Development of the tourism economy and increase year-round employment: Umm, yeah, I’d say we overdid it on the tourism economy. And like many other communities, Durango appears to have staffing shortages, even in the winter. So, success, I guess?
This gets a 12 out of 10 for accomplishing the goals—no matter how questionable they may now seem.
Infrastructure, streets, public facilities: These are more specific goals in the plan, some of which seem downright odd in retrospect. For example, planners wanted to build an automobile bridge across the Animas River at 14th Street, right next to the existing Swinging Footbridge. It thankfully ended up five blocks downstream, at 9th Street, instead. They wanted to make the Horse Gulch road into a major traffic artery, which would have facilitated development in what is now an open space, recreational gem. They also wanted an arterial road to link County Road 203 (West Animas) with the Falls Creek Road near Turtle Lake.
And, apropos to current debates re the location of the main fire station: In 1971 Durango’s only fire station—which housed 10 firefighters—was located at 10th St. and 2nd Ave. Planners wanted two more stations, one south of town and one on the northeast corner of 32nd St. and Main Ave., which at the time was owned by the city. The fire department established its own special district and has grown considerably since then (and the Durango department merged with surrounding, rural, volunteer departments), establishing stations on the south end of town, on the north end of town—albeit not in the planned location—and outside of town. It also moved its main station adjacent to the old power plant. Now the department plans to move into the old high school and current school district administration building in a residential area, but also just down the street from its 1971 location. This has triggered a brouhaha of near-epic proportions.
I’d give this one a 7.
PART III
The above photo shows downtown Durango, Colorado, as seen from a Google Earth satellite in September 2019. And no, someone didn’t paint the streets yellow in real life, I colored them with photo-editing software. I started out doing it as an exercise for my own purposes. I wanted to see how much of the city’s commercial core was devoted to automobiles, highlighting those areas with yellow. I started with the streets, then moved onto the parking lots, then the alleys. Every time I thought I was finished, I’d encounter another rectangle of asphalt.
Ugly, isn’t it? It’s like a big, yellow-green, pus-oozing parking lot rash defiling the community. But it can also be a useful tool, one to keep on hand to whip out next time someone says there’s a parking-space shortage in downtown Durango. There’s not. Obviously.
Durango’s not alone in dealing with this automobile-centric affliction. Many cities are far worse. Still, it’s one of many problems that need solving.
We’ve looked back at what Durango was, and what some of its leaders wanted it to be, and what it became. Now it’s time for us wannabe planners to envision the future we want—just like the planners of 1971 did.
And the future the Land Desk Planning Commission desires is a Durango that is sustainable and livable for all. And not just environmental sustainability, but also human and economic and community sustainability. It’s our belief that Durango—and many, many communities in the Western U.S.—are moving rapidly away from any semblance of this sort of sustainability. They increasingly are becoming traffic-jammed enclaves for the wealthy and the vacationers and the upper echelons of the Zoom class, places that squeeze out the teachers and firefighters and food service workers and all the others who keep the gears of society grinding along.

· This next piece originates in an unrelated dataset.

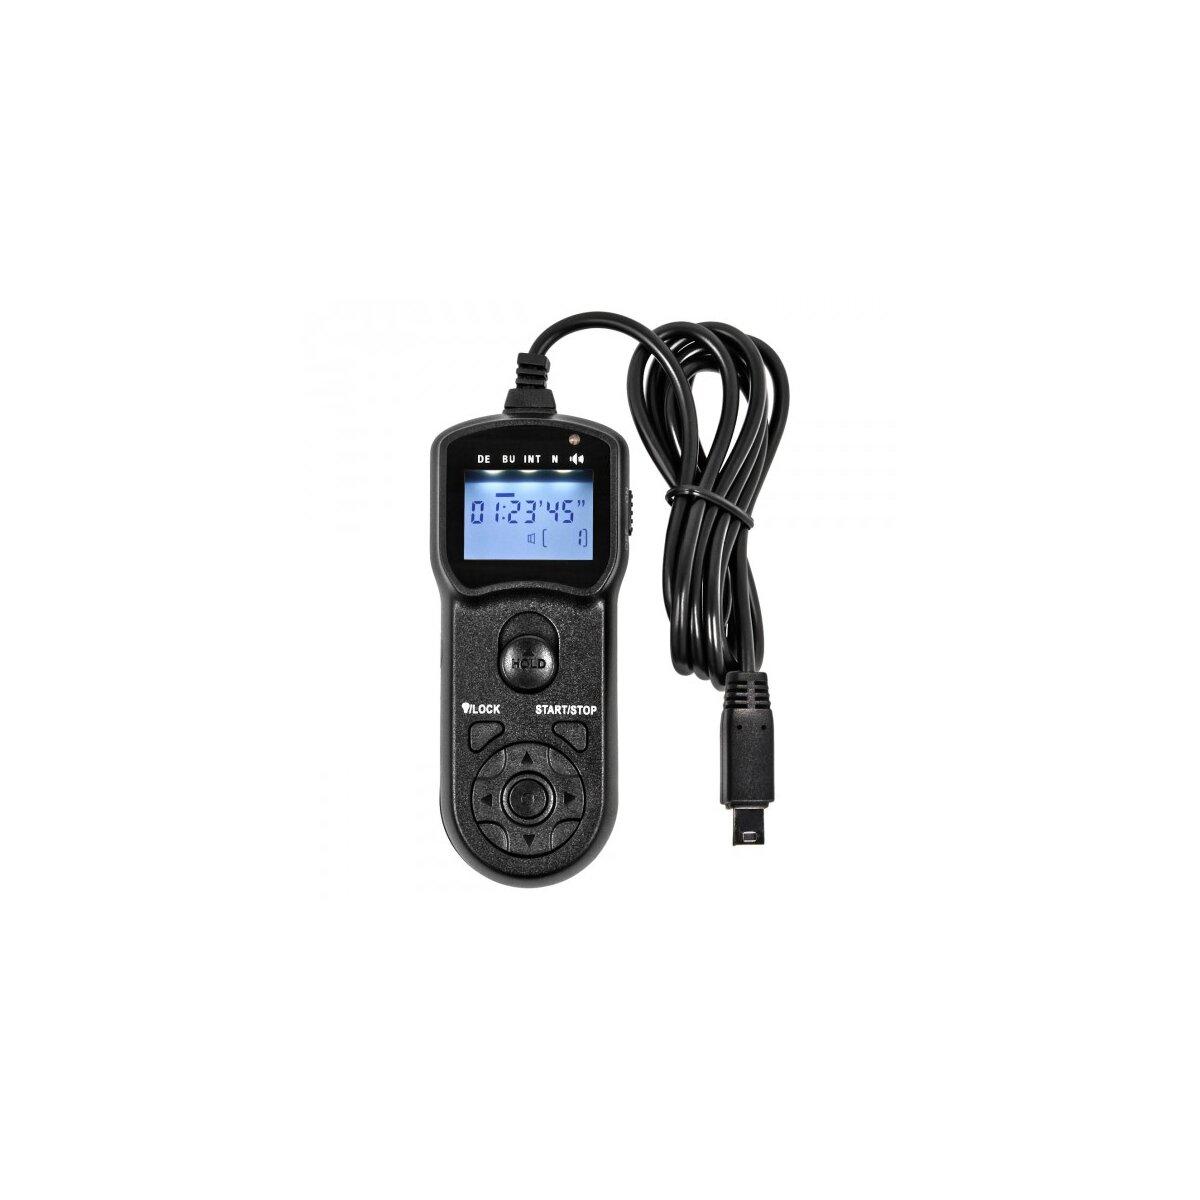 Programmierbarer Timer Fernauslöser kompatibel für Fujifilm Finepix X-S1 S9600 S9500 S9100 S9000 S205EXR S200EXR S100FS S20 Pro HS33EXR HS30EXR HS28EXR HS25EXR HS22EXR HS20EXR IS-1 - Ersatz für RR-80

It would be bad enough if the influx of wealth was accompanied by a corresponding uptick in the quality of life for those who could afford to stay. But that is hardly the case. If Durango was “urban” a half century ago, shouldn’t it be more urban now? In the 1971 planning document my father wrote:
The challenge we face is whether or not as a group of 12,000 we will let that change shape us or whether we will shape the change. … Durango is a series of communities: labor, education, retirement, agricultural, professional, service, youth, educated, uneducated, Chicano, Anglo, poor, middle income … and among many of these sub-communities there is almost no communication, no feelings of concern for the other. It is this fragmentation that makes us very much “urban” in the modern American sense. We are not a small town.
Durango’s population has nearly doubled since then and La Plata County’s shot up from 19,199 in 1970 (the same as in 1960) to 55,638 in 2020. And I think it’s safe to say that Durango has also progressed as a community in many ways, partly as a result of growth, itself, partly thanks to good planning and leadership. But over the last decade or so, the growth and wealth-influx has continued at a rapid pace, while progress in other realms slowed. Growth has not brought with it the trappings normally associated with urban places, be it robust public transportation, diversity, good jobs, or more opportunities. The “series of communities” of 1971 have, if anything, diminished in number and diversity, while still remaining as fragmented as ever. Mobility, the ability to get from one place to another by car, bike, or on foot, is decreasing, and the roads are becoming more dangerous. The arts and culture and food scene isn’t exactly exploding with vibrance. The town can’t—or maybe just won’t—sustain a daily print newspaper anymore, which has further diminished the community as a whole.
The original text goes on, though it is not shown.